ORGANISATION OF DATA

 Organisation of Data

Organisation of data refers to the arrangement of figures in such a form that comparison of the mass of similar data may be facilitated and further analysis may be possible.

Classification
Classification is the process of arranging things in groups or classes according to their resemblances and affinities and gives expression to the unity of attributes that may exist amongst a diversity of individuals.
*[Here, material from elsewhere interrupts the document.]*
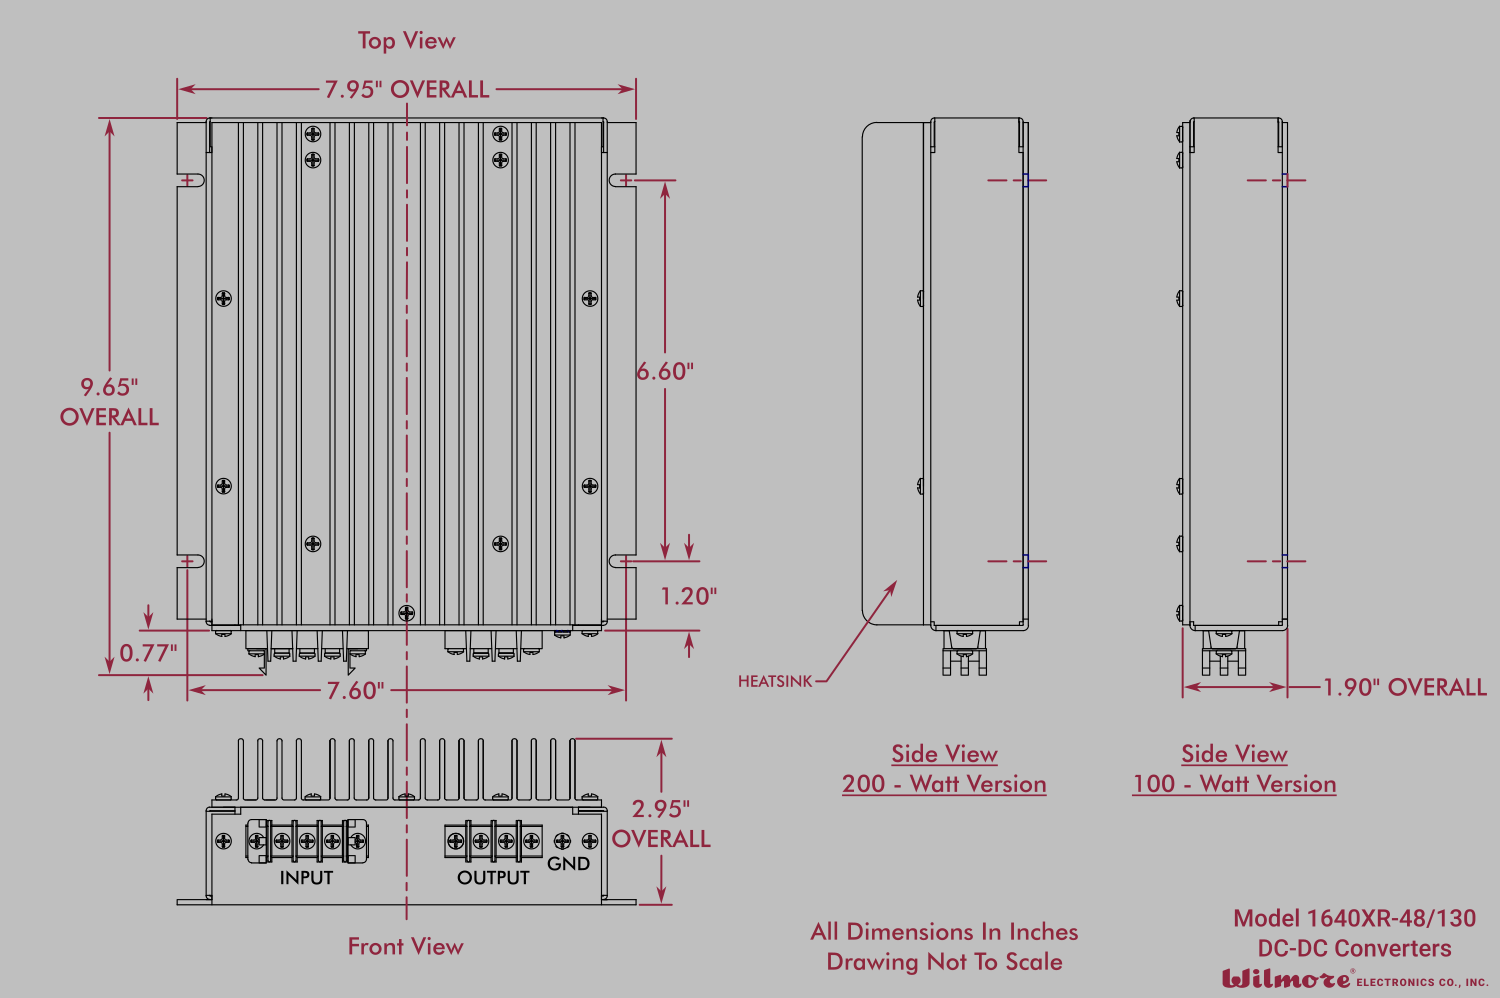 Series 1640XR Product Dimensions

Objectives of Classification

  • Simplification and Briefness
  • Utility
  • Distinctiveness
  • Comparability
  • Scientific arrangement
  • Attractive and effective

Characteristic of a Good Classification

  • Comprehensiveness
  • Clarity
  • Homogeneity
  • Suitability
  • Stability
  • Elastic

Basis of Classification

  • Geographical Classification This classification of data is based on the geographical or locational differences of the data.
  • Chronological Classification When data are classified on the basis of time, it is known as chronological classification.
  • Qualitative Classification This classification is according to qualities or attributes of the data.
    This classification may be of two types

    • Simple classification
    • Manifold classification
  • Quantitative or Numerical Classification Data are classified in to classes or groups on the basis of their numerical values. Quantitative classification is also called classification by variables.
  • Concept of Variable A characteristic or a phenomenon which is capable of being measured and changes its value overtime is called a variable.
    The variable may be either discrete or continuous

    • Discrete Variable These are those variables that increase in jumps or in compete numbers.
    • Continuous Variable Variable that assume a range of values or increase not in jumps but continuously or in fractions are called continuous variables.
  • Raw Data A mass of data in its crude form is called raw data.
Types of Statistical Series Statistical series are of two types

  • Individual Series These are those series in which the items are listed singly. These series may be presented in two ways
    • According to serial numbers
    • Ascending or descending order of data
  • Frequency Series Frequency series may be of two types
    • Discrete Series or Frequency Array It is that series in which data are presented in way that exact measurement of items are clearly shown. In this series there are no class intervals and a particular item in the series.
    •  Frequency Distribution It is that series in which items cannot be exactly measured. The items assume a range of values and are placed within the limits is called class interval.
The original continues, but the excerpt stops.